Blue Like Jazz
- First edition cover
- Author: Donald Miller
- Language: English
- Genre: Non-fiction, Memoir
- Publisher: Nelson
- Publication date: July 17, 2003
- Publication place: United States
- Media type: Print (Paperback)
- Pages: 256 pp
- ISBN: 0-7852-6370-5

= Blue Like Jazz =

2003 memoir by Donald Miller

Blue Like Jazz is the second book by Donald Miller. This semi-autobiographical work, subtitled "Non-Religious Thoughts on Christian Spirituality," is a collection of essays and personal reflections chronicling the author's growing understanding of the nature of God and Jesus, and the need and responsibility for an authentic personal response to that understanding. Much of the work centers on Miller's experiences with friends and fellow students while auditing courses at Reed College, a liberal arts college in Portland, Oregon. The book deals with inward spiritual dealings as Don, his friends Penny, Laura and others struggle with finding meaning in life and the ultimate battle with God ending with choosing him or choosing one's self.

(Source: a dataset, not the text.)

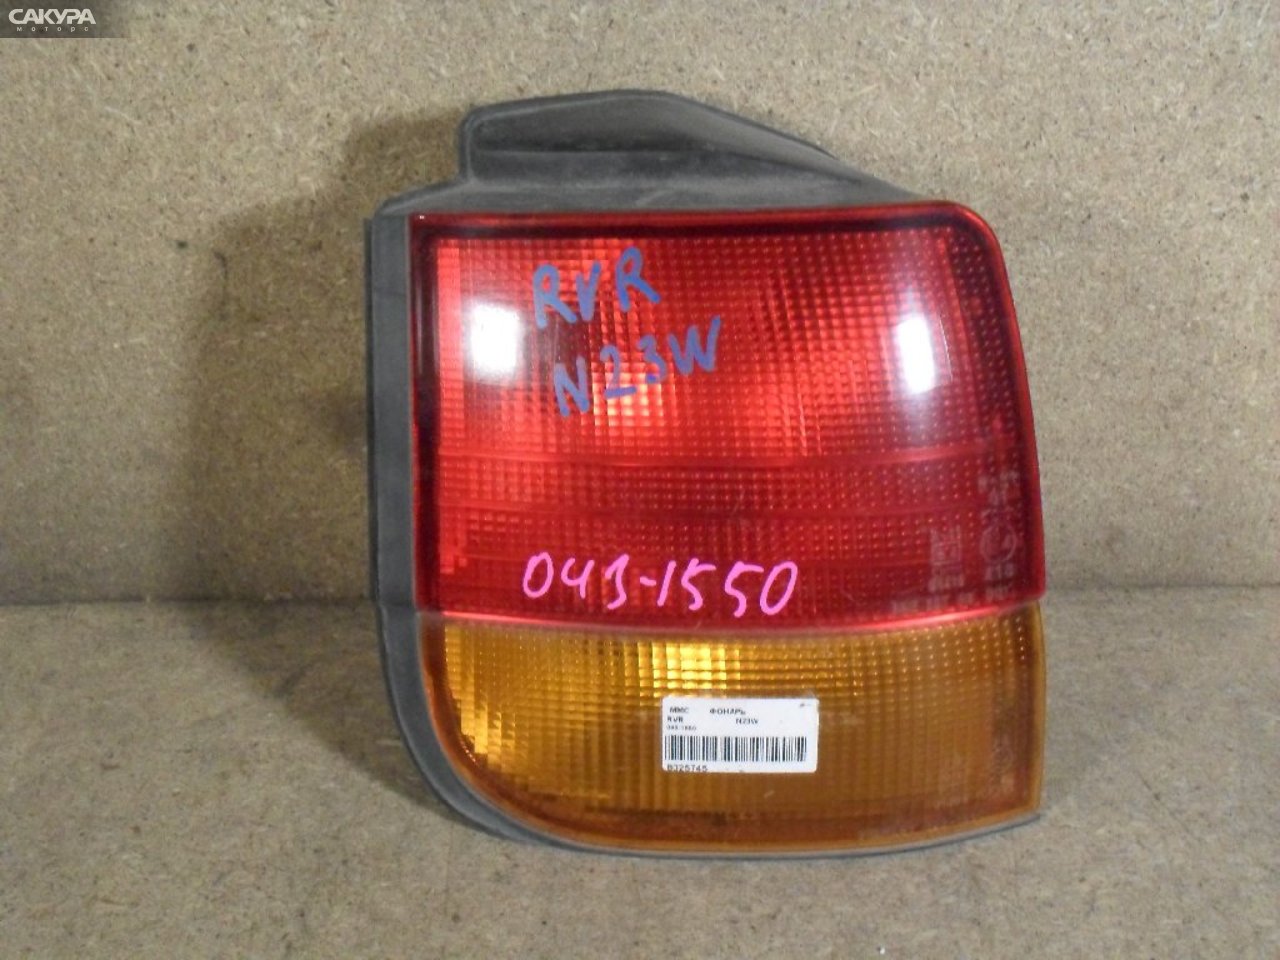 Фонарь стоп-сигнала левый Mitsubishi RVR N23W 043-1550: купить в Сакура Абакан.

The book's popularity is due to its personable style and content which most appeals to twentysomething and thirtysomething, post-modern Christians in the emerging church movement. His writings have often been compared to fellow Christian memoirist, Anne Lamott. It was named one of the 20 Best Books of the Decade by Paste Magazine.

The book has been made into a movie by director Steve Taylor. On his blog on September 16, 2010, Donald Miller stated that despite a strong screenplay, a stellar cast, and rave reviews, the project was put on hold indefinitely due to lack of funding. Two fans created a site called "Save Blue Like Jazz" where they urged fans to help raise money to fund the movie through Kickstarter. This campaign raised over $340,000, more than doubling the original goal of $125,000 by October 25, 2010.

==Film adaptation==

With a cast including Justin Welborn, Marshall Allman, and Claire Holt, a screen adaptation was filmed in Portland, Oregon and Nashville, Tennessee and released on April 13, 2012.

==Quotations==

- "I was watching BET one night, and they were interviewing a man about jazz music. He said jazz music was invented by the first generation out of slavery. I thought that was beautiful because, while it is music, it is very hard to put on paper; it is so much more a language of the soul ... The first generation out of slavery invented jazz music. It is a music birthed out of freedom. And that is the closest thing I know to Christian spirituality. A music birthed out of freedom. Everybody sings their song the way they feel it, everybody closes their eyes and lifts up their hands."
- "The most difficult lie I ever contended with is this: Life is a story about me."
- "I think every conscious person, every person that is awake to the functioning principles within his reality, has a moment where he stops blaming the problems in the world on group think, on humanity and authority, and starts to face himself. I hate this more than anything. This is the hardest principle within Christian spirituality for me to deal with. The problem is not out there; the problem is the needy beast of a thing that lives in my chest."
- "My most recent faith struggle is not one of intellect. I don't really do that anymore. Sooner or later you just figure out there are some guys who don't believe in God and they can prove He doesn't exist, and some other guys who do believe in God and they can prove He does exist, and the argument stopped being about God a long time ago and now it's about who is smarter, and honestly I don't care."